Combining results for a OSX Analysis

Shannon · January 31, 2019, 8:42pm

Ok so we have an analysis for a product called Fireeye and we would like to use one analysis to query Windows and OSX devices for “version” and “state” information.

The following works for Windows
All the things
if exists service “xagt” then (version of it, state of it) of service “xagt” as string else “Not installed”

The following works for Mac
Fireeye Version
if (exists file “/Library/FireEye/xagt/xagt.app/Contents/Info.plist”) then (string “CFBundleShortVersionString” of dictionary of file ("/Library/FireEye/xagt/xagt.app/Contents/Info.plist" as string)) else “Not installed”

Fireeye Running
exists names whose(it starts with “xagt”) of processes as string

What we would like is to combine all of these questions into one tidy property in an analysis like the following

if (windows of operating system and exists service “xagt”) then (version of it, state of it) of service “xagt” as string else “Not installed” if (mac of operating system and exists file “/Library/FireEye/xagt/xagt.app/Contents/Info.plist”) then ((string “CFBundleShortVersionString” of dictionary of file ("/Library/FireEye/xagt/xagt.app/Contents/Info.plist")), (exists names whose(it starts with “xagt” OR it starts with “FireEye”) of processes as string)) else “Not Installed”

The first portion for Windows of course works beautifully, the next sections for OSX however fail miserably because, I assume, it’s not a real computer and deserves to be shamed into a non-functioning state for its pretension!

That or it’s because the If Then Else query perhaps does not like trying to be combined with data queries against two different sources?

Or if anyone has an idea of how we could make this work I’d be most grateful!

Kind regards,
Shannon

alinder · February 1, 2019, 2:51pm

There are all sorts of ways you could do this. I took a stab at one below. I think one issue you’re running into is that your Windows half is supposed to return a tuple consisting of (version, string) and your Mac half seems to be trying to return (string, boolean). Your types will have to match, so casting everything to a string will help on that front. It’s also the case that “Not Installed” is a singular string and your tuples won’t be, so that’s another mismatch.

The other thing is that there is a more efficient way to write this query (and probably an even more efficient way than I used…). Rather than checking if the file or service exists, you can use the | operator to report “Not Installed” if the service/value/what have you doesn’t exist.
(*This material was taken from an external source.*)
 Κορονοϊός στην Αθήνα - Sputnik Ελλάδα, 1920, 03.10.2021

Here are the examples broken down by OS:

Windows: If the service “xagt” exists, this gives (version of it, state of it) as one singular string:

q: ((version of it, state of it) as string) of service "xagt" | "Not Installed"
A: Not Installed
T: 0.208 ms
I: singular string

Mac: This one is a little less pretty. It gives the value of the CFBundleShortVersion String if the file exists, otherwise it says “Not Installed.” It also reports true/false regarding whether there’s a process with “xagt” or “FireEye” in the name. The tuple gets cast as a singular string, then, for parity with the Windows version, it reports “Not Installed” if it’s not installed, otherwise it reports the version and the status.

Q:  (if it contains "Not Installed" then "Not Installed" else it) of ((string "CFBundleShortVersionString" of dictionary of file "/Library/FireEye/xagt/xagt.app/Contents/Info.plist" | "Not Installed", (exists names whose(it starts with "xagt" OR it starts with "FireEye") of processes)) as string)
A: Not Installed
T: 451

Putting that all together and adding If/then/else to catch OSes, we get the below, which correctly reports “Not Installed” on all my test devices. You’ll have to test it on devices with the software to make sure I didn’t screw something up along the way.
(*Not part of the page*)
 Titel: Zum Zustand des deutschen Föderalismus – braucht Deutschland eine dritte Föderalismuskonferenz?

if windows of operating system then (((version of it, state of it) as string) of service "xagt" | "Not Installed") else if mac of operating system then (if it contains "Not Installed" then "Not Installed" else it) of ((string "CFBundleShortVersionString" of dictionary of file "/Library/FireEye/xagt/xagt.app/Contents/Info.plist" | "Not Installed", (exists names whose(it starts with "xagt" OR it starts with "FireEye") of processes)) as string) else "Not Mac/PC"

Shannon · February 1, 2019, 5:35pm

That…was splendid, and works perfectly! Thank you ever so much!